MGM reviewing offers from three interested bidders
Hollywood studio Metro-Golden-Meyer (MGM), home to the James Bond movie franchise, is to review a number of takeover bids it has received as it seeks additional delays on interest payments on its debts.
Times Online reports that Lions Gate Entertainment, Time Warner and Access Industries, backed by the Russian billionaire Len Blavatnik, were reported to have put in second-round bids for MGM yesterday, after the company extended an earlier deadline for bids of March 19.
Bids are understood to be in the region of $1.5 billion (£1 billion), far less than the $2 billion (£1.4 billion) or so level MGM's 140 creditors were hoping for.
Last night MGM said in a statement that it had received "a number of bids as part of its ongoing process of exploring strategic alternatives, which include continuing to operate as a standalone entity and evaluating a potential sale of the company."
It will now review the bids and related transaction terms over the next few weeks. As part of its efforts to strengthen its financial position and to facilitate its strategic review process, MGM also said expected to work with its lenders to extend the current forbearance period on its bank debt, which ends on March 31.

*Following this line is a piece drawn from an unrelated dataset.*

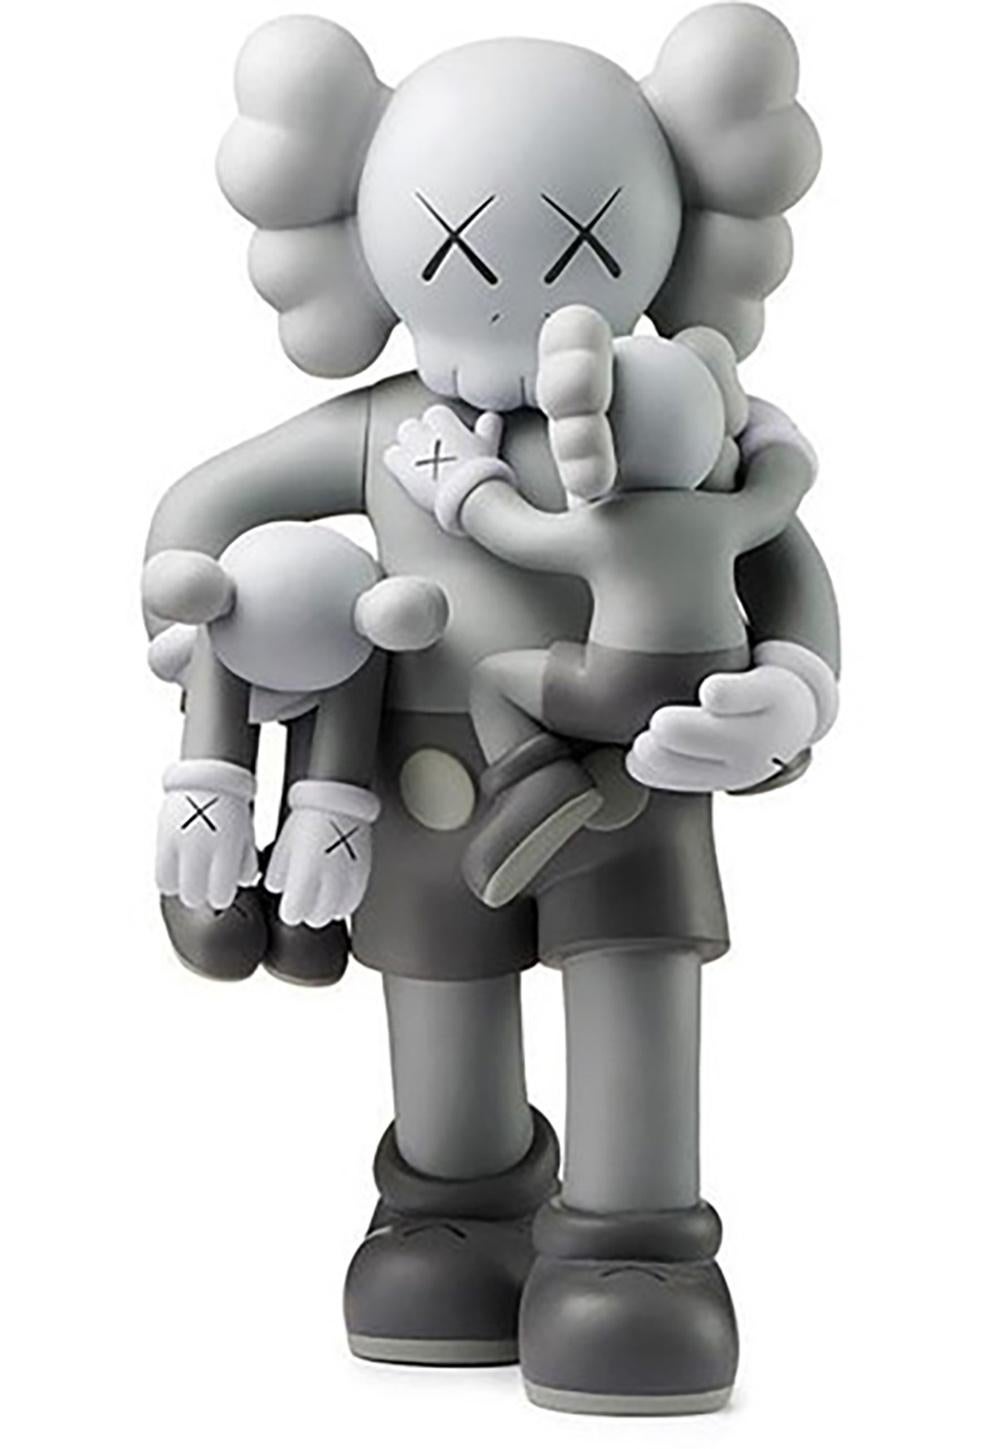 what is kaws

"The company also expects to seek a forbearance agreement for its revolving line of credit, for which a payment is due April 8. MGM appreciates the strong support it has received from its lenders throughout this process," the statement said.
One option said to be under consideration is a pre-packaged bankruptcy, with or without a sale, to reduce its liabilities and clean up its balance sheet.
The heavily indebted studio said in November it was exploring a potential sale of the company. But after it opened its books to an initial six bidders (whittled from a potential ten interested parties) last month, a number of bidders are understood to have dropped out.
Although MGM's film library, which holds 4,000 titles, is one of the company's most attractive assets, generating $450 million in 2008, the studio has been struggling to create new hits and is also trying to cope with plunging DVD sales caused by consumers moving online.
It is also burdened with $3.7 billion of debt from a $5 billion 2005 buyout by a consortium of private equity and media groups and also has a $250 million revolving credit facility maturing in April.
Shares in Time Warner Inc closed four cents higher at $31.28 in New York on Monday after reports that it was interested in bidding for MGM. Lions Gate shares closed down two cents at $5.82. Lions Gate's reported interest comes just after billionaire investor Carl Icahn offered to buy it in a move designed to forestall its bid for MGM.